(Stored entries)
········
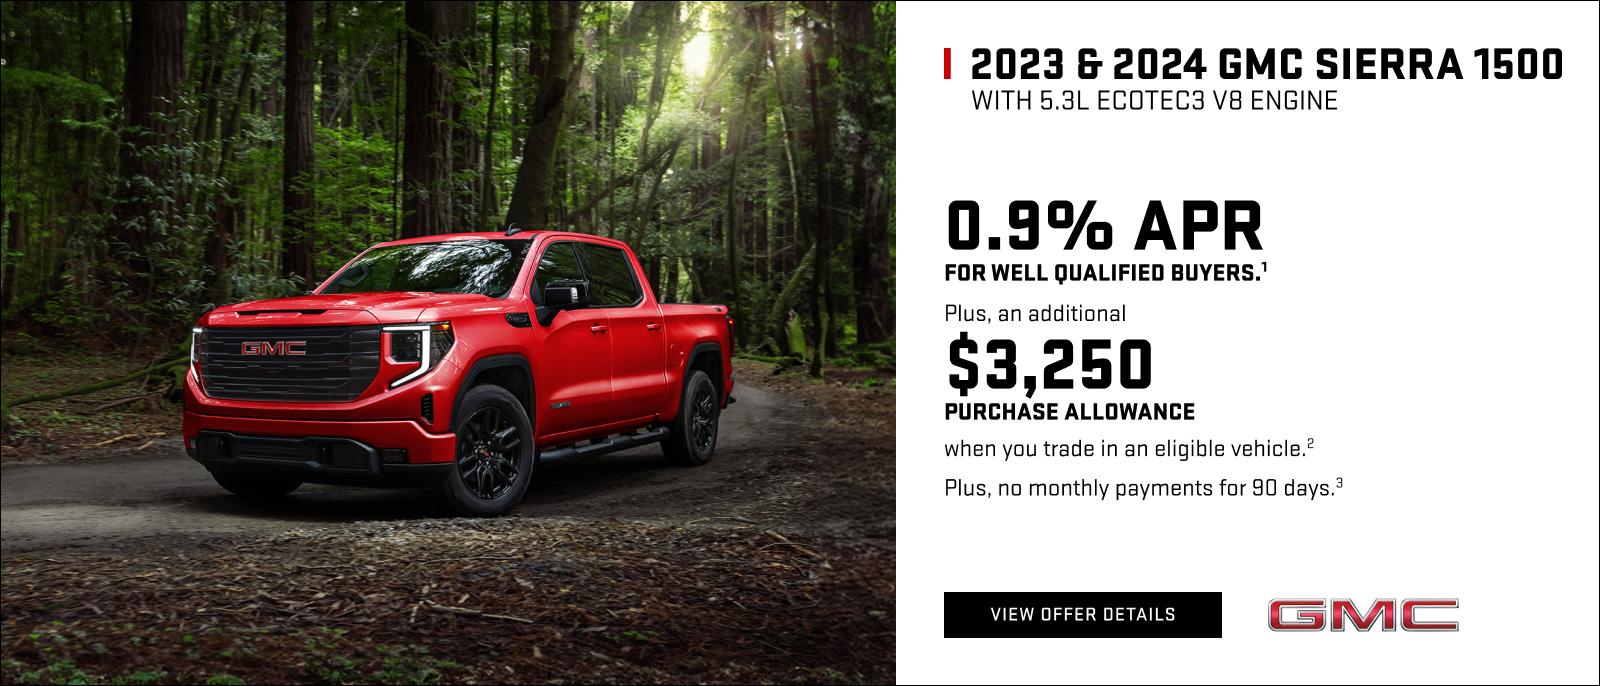 0.9% APR for well-qualified buyers.1

Plus, an additional $3,250 PURCHASE ALLOWANCE when you trade in an eligible vehicle.2

PLUS, NO MONTHLY PAYMENTS FOR 90 DAYS. 3
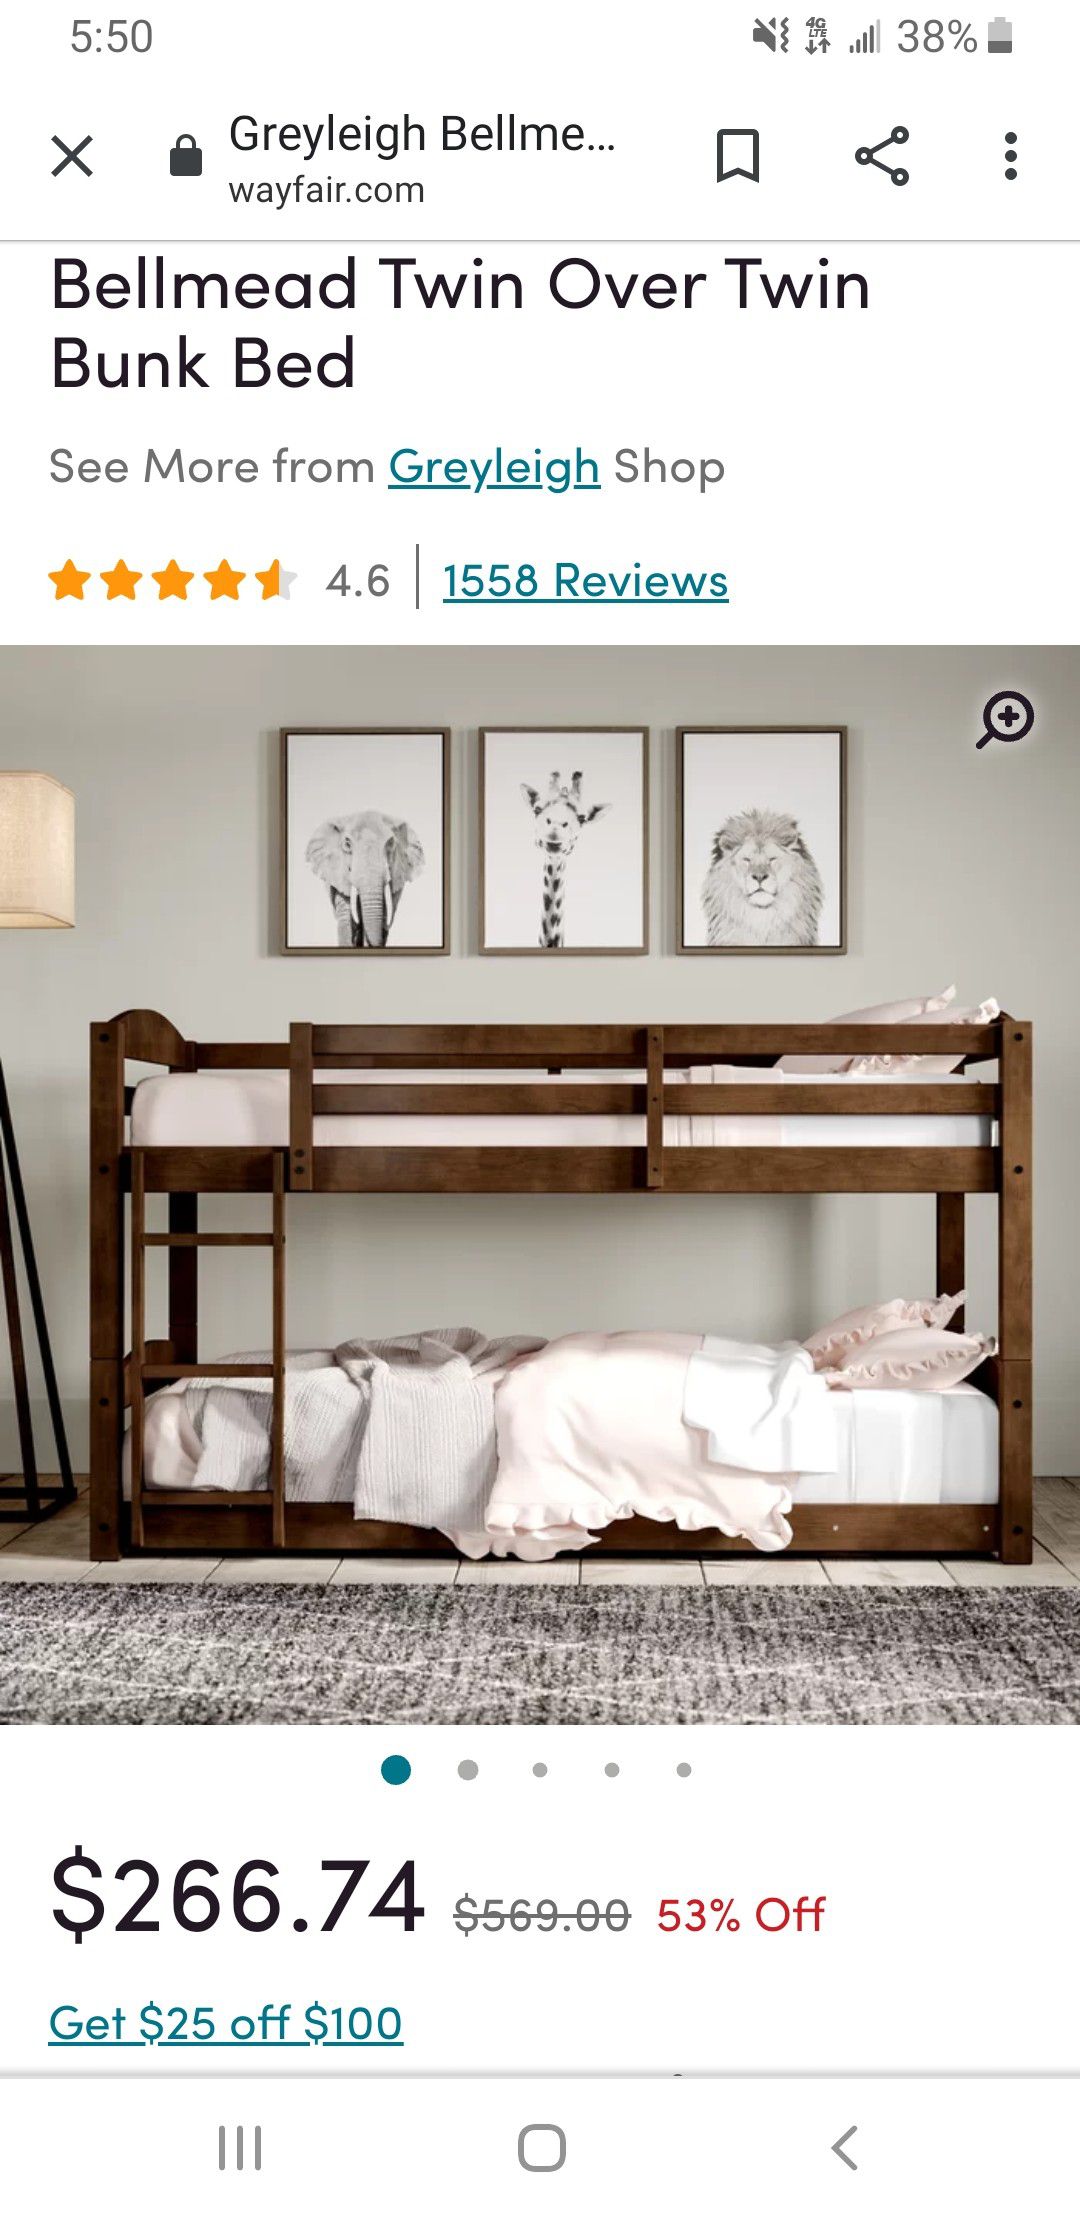 Bellmead twin over twin bunk bed.
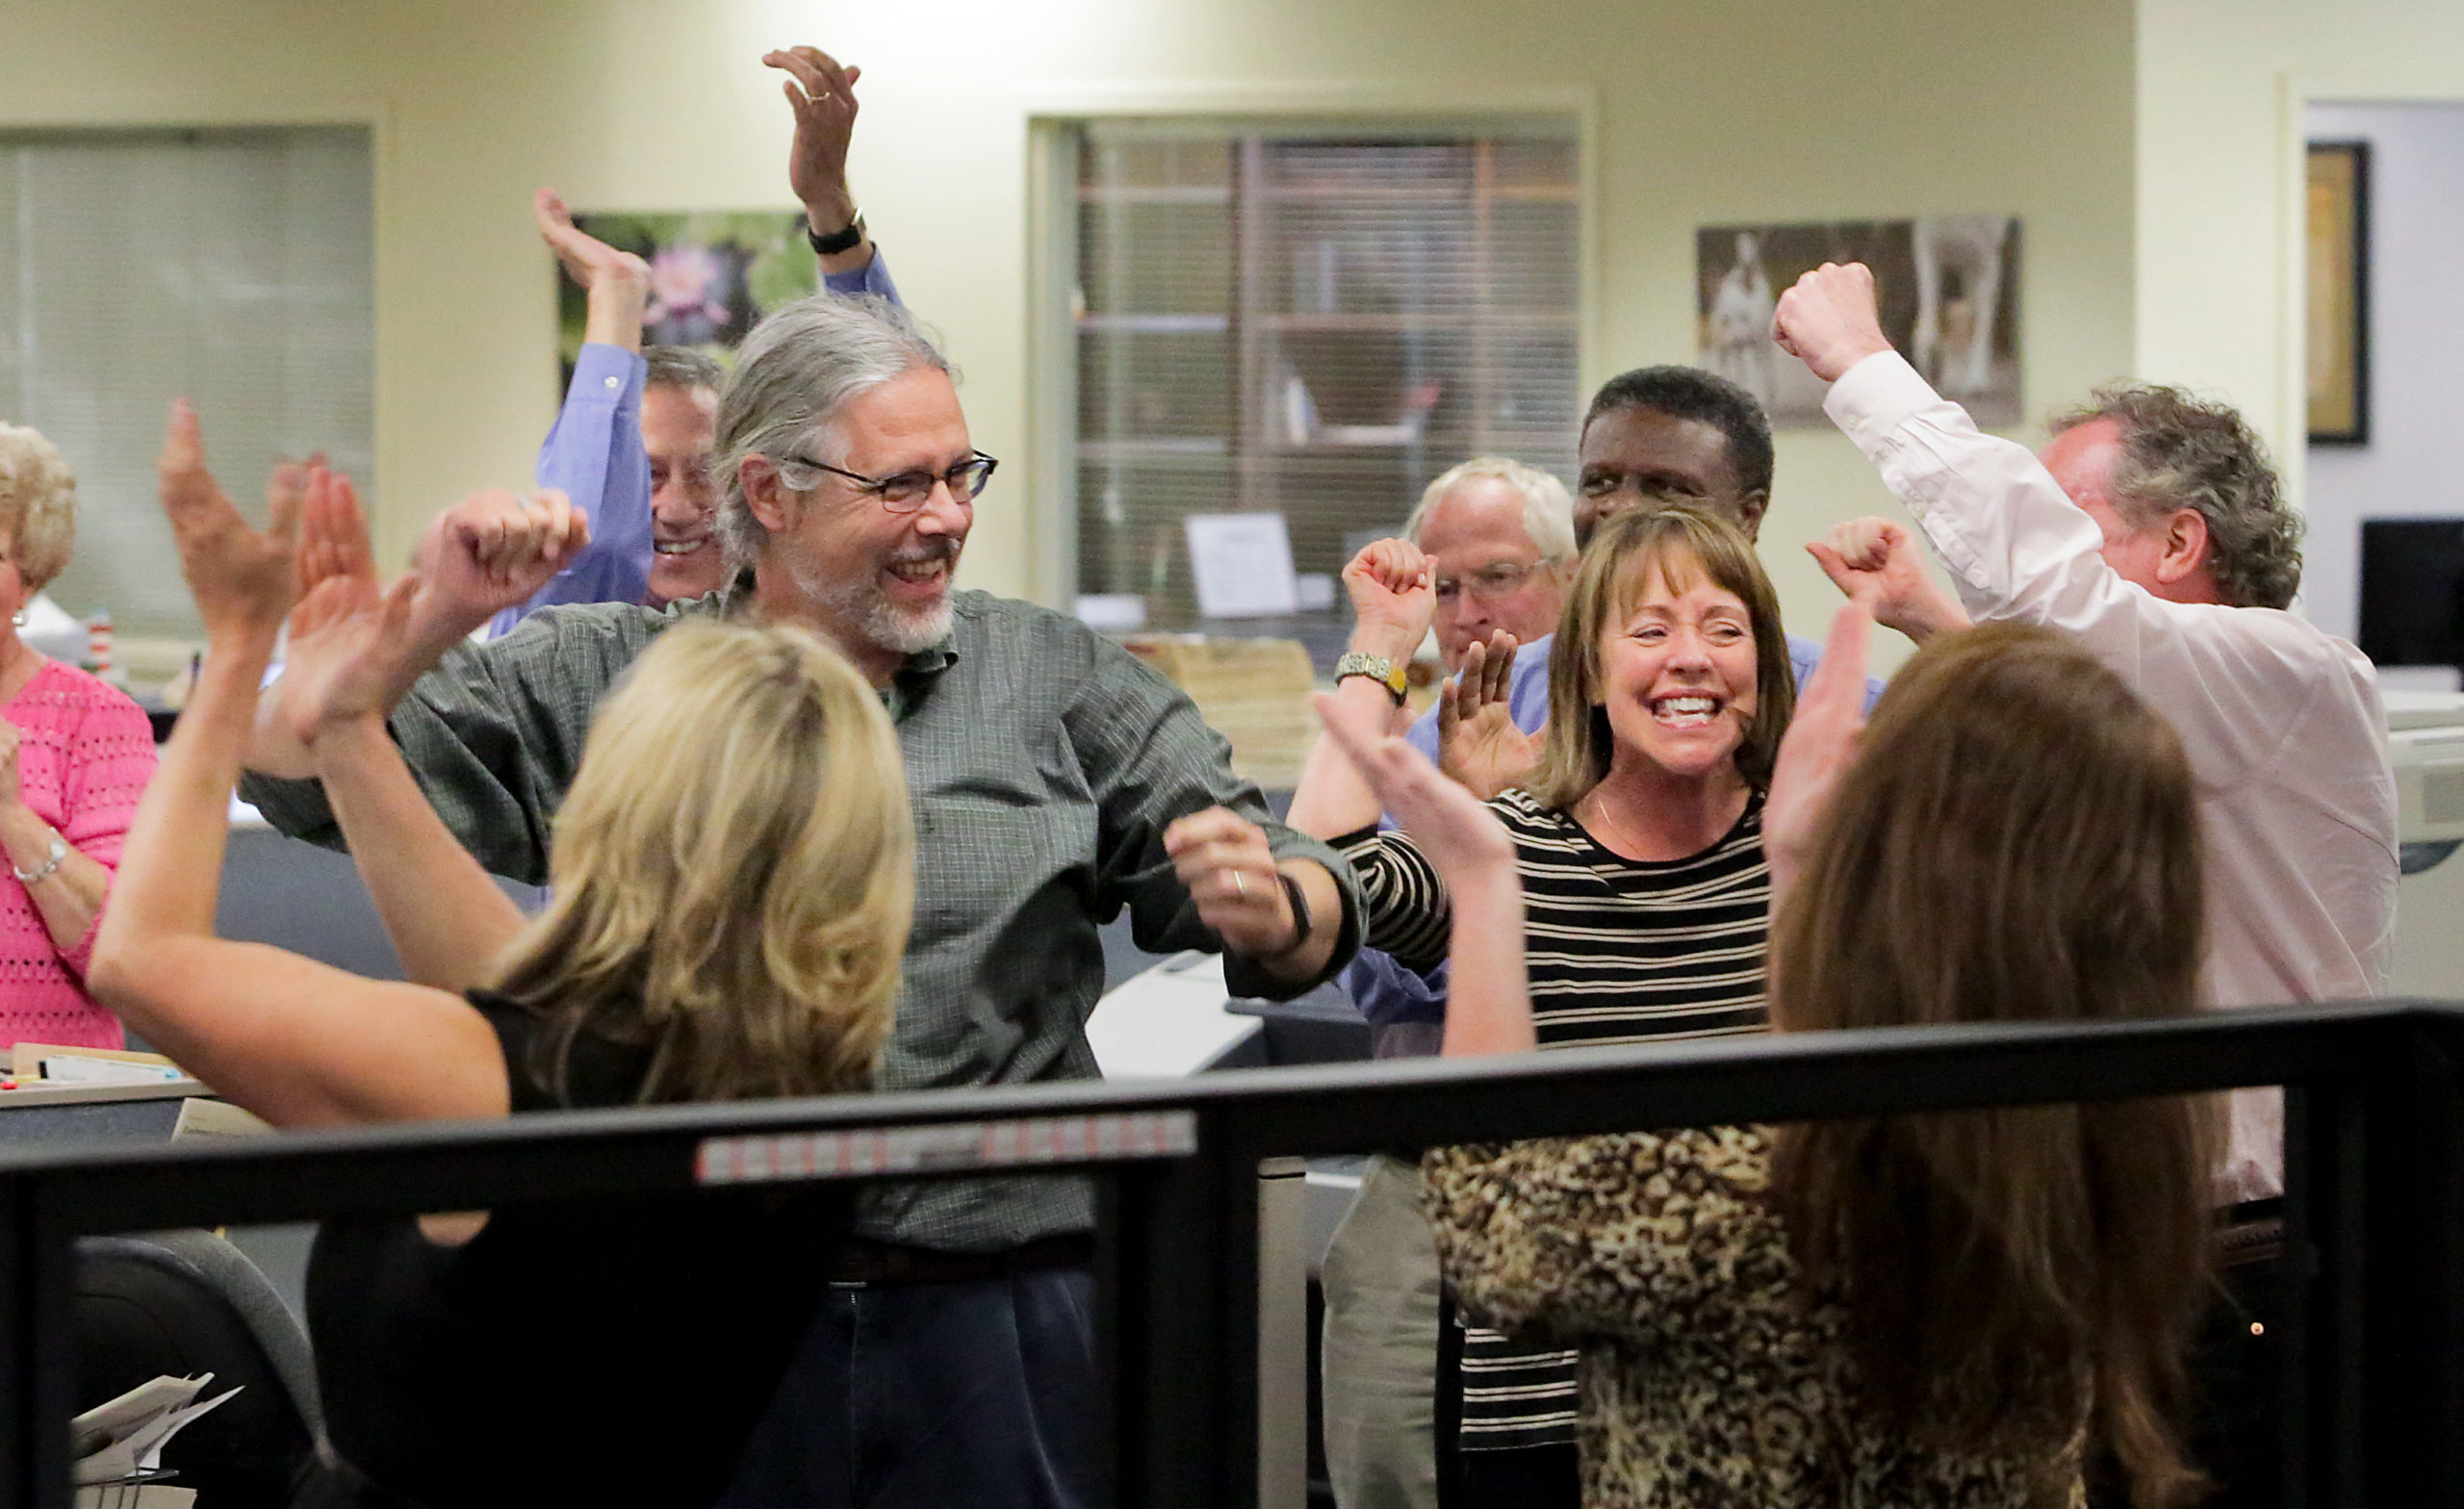 The Post and Courier staff cheers after the Pulitzer prize announcement, April 2015. Independent, civic-driven dailies, like The Post and Courier, show the life — and potential digital transformation — of many remaining formerly “print” operations
········
— Exercise details —
Without the pictures, return all the records precisely as they stand.

— Response to the task —
 0.9% APR for well-qualified buyers.1

Plus, an additional $3,250 PURCHASE ALLOWANCE when you trade in an eligible vehicle.2

PLUS, NO MONTHLY PAYMENTS FOR 90 DAYS. 3
 Bellmead twin over twin bunk bed.
 The Post and Courier staff cheers after the Pulitzer prize announcement, April 2015. Independent, civic-driven dailies, like The Post and Courier, show the life — and potential digital transformation — of many remaining formerly “print” operations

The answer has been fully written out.